### Listed records ###

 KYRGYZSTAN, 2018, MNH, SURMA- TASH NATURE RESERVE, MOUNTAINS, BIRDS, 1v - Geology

###
### Listed records ###

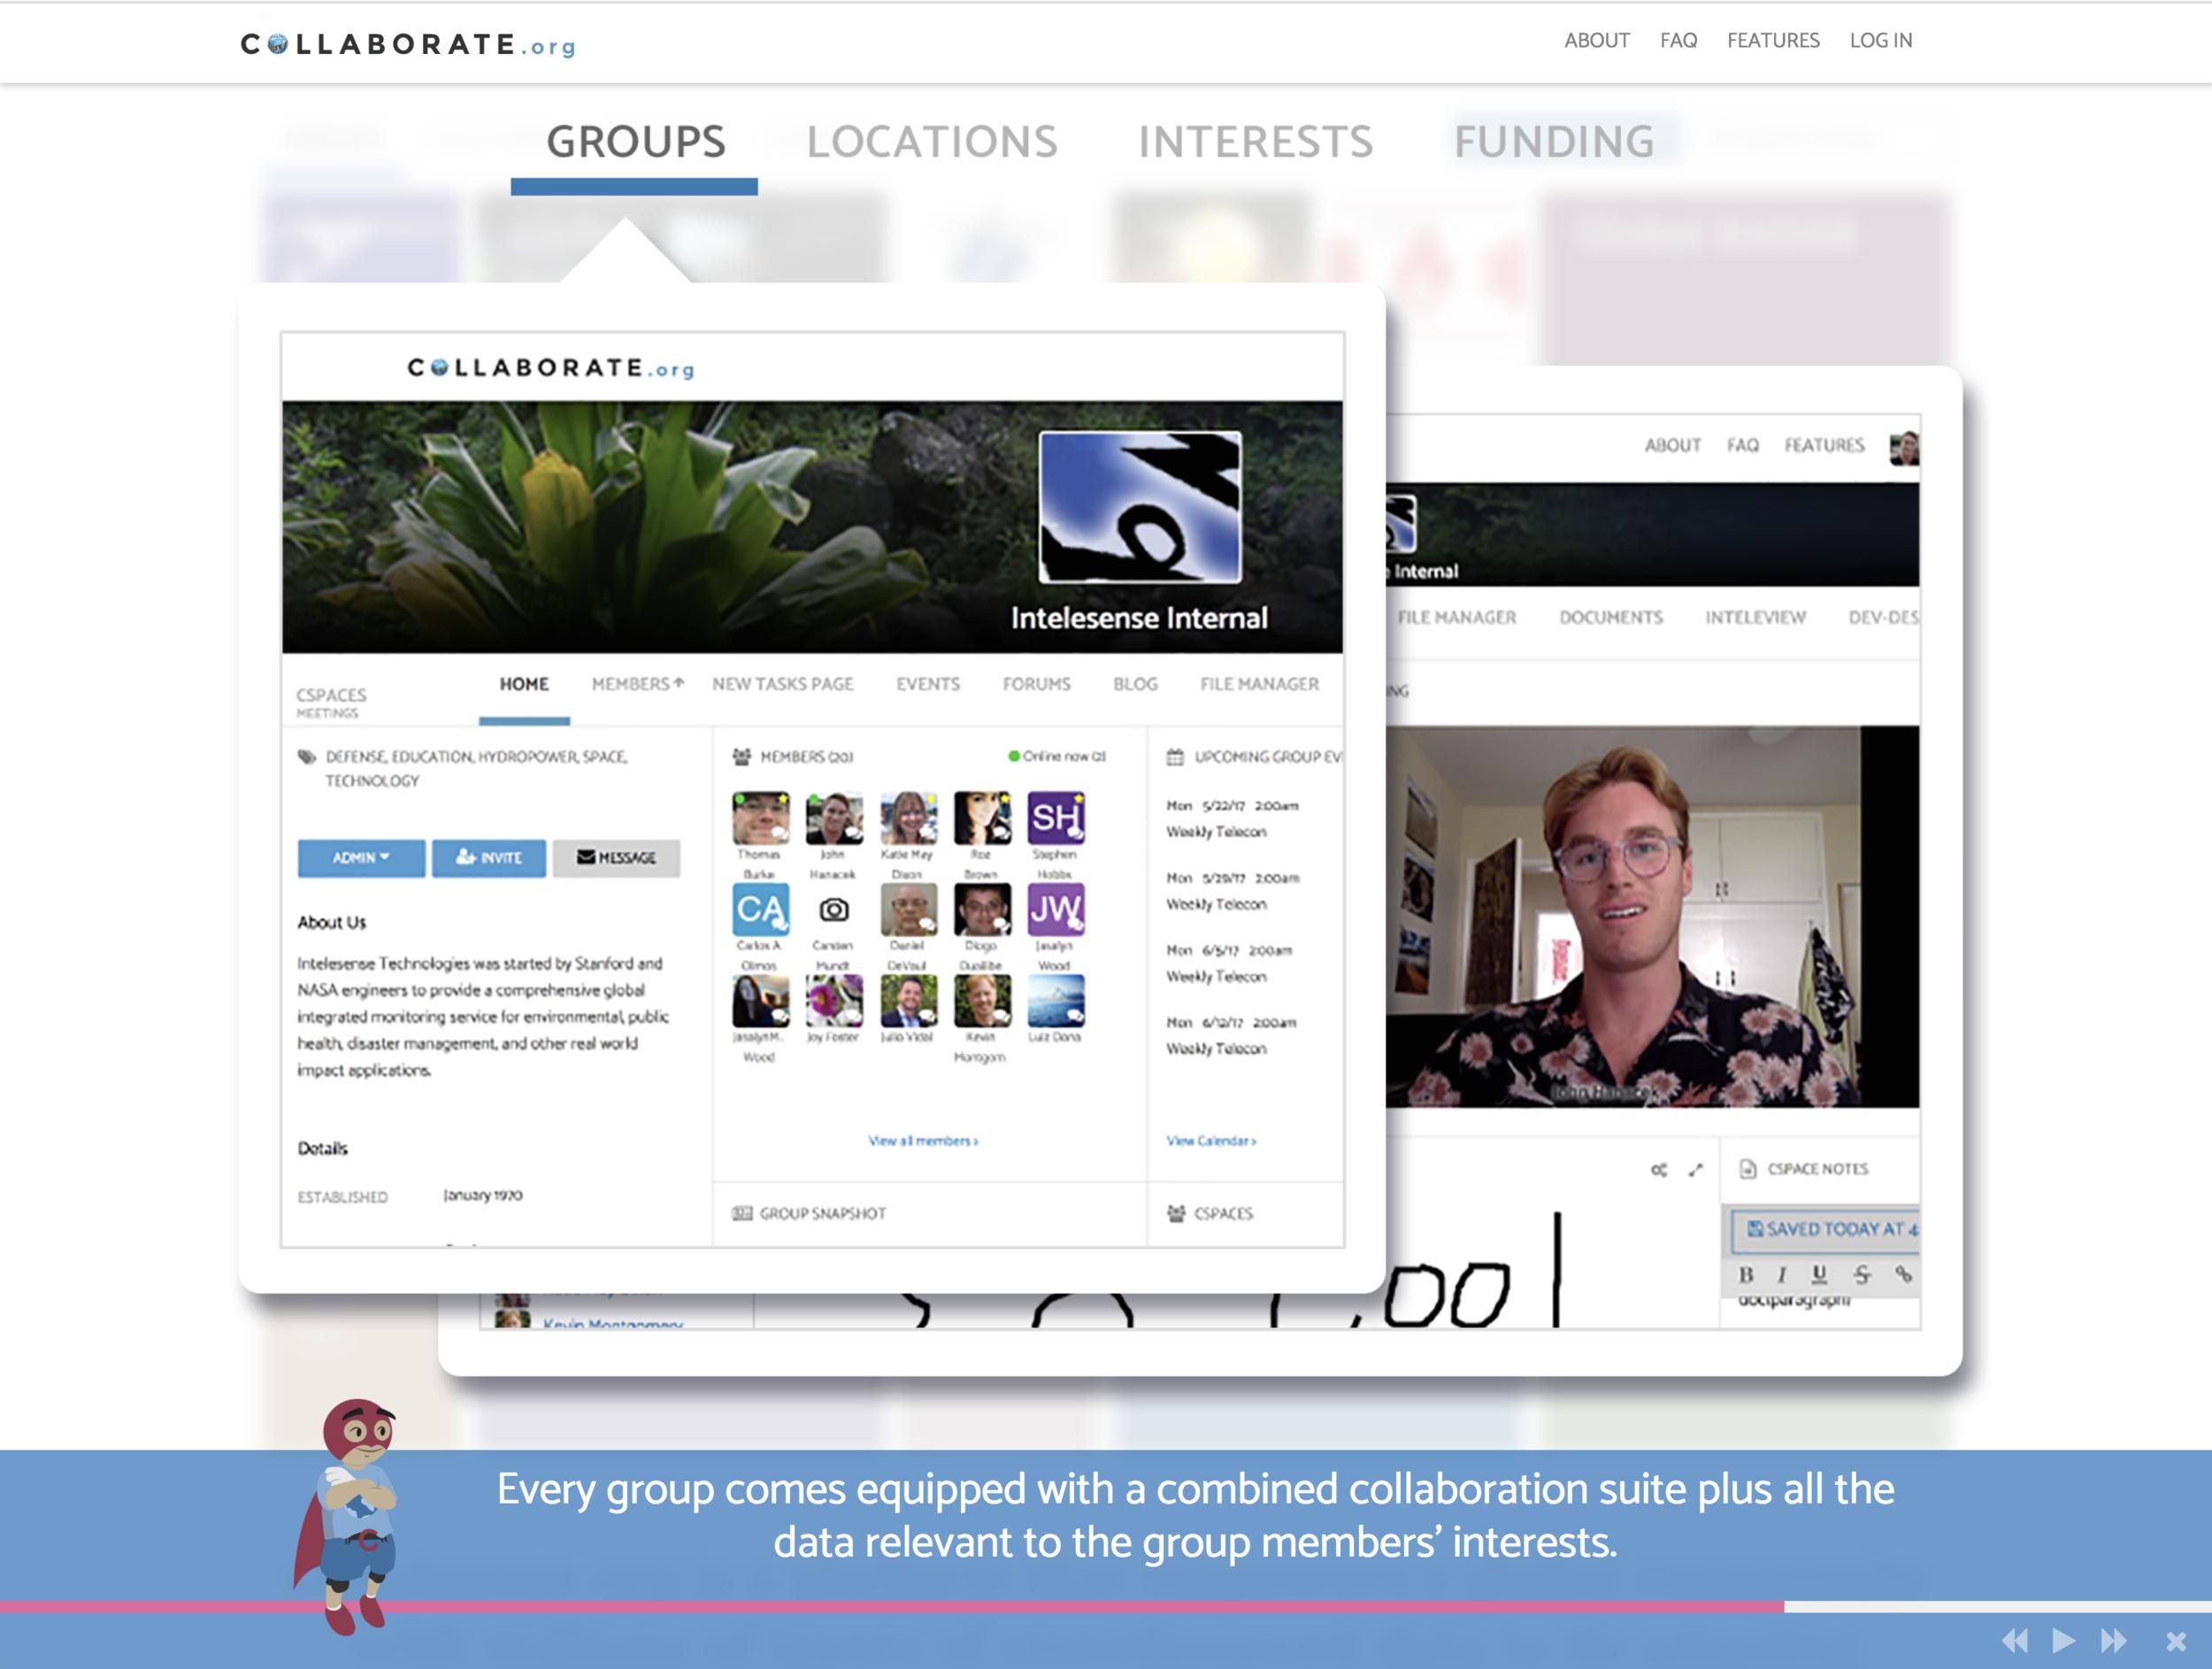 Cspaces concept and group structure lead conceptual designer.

###
### Listed records ###

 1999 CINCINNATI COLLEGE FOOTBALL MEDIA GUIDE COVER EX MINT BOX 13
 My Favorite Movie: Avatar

###

Task ▸ Would you quote everything above from the line containing "1999 CINCINNATI COLLEGE" down to the line containing "My Favorite Movie: Avatar"? Include both of those lines and nothing else.

Written reply ▸
 1999 CINCINNATI COLLEGE FOOTBALL MEDIA GUIDE COVER EX MINT BOX 13
 My Favorite Movie: Avatar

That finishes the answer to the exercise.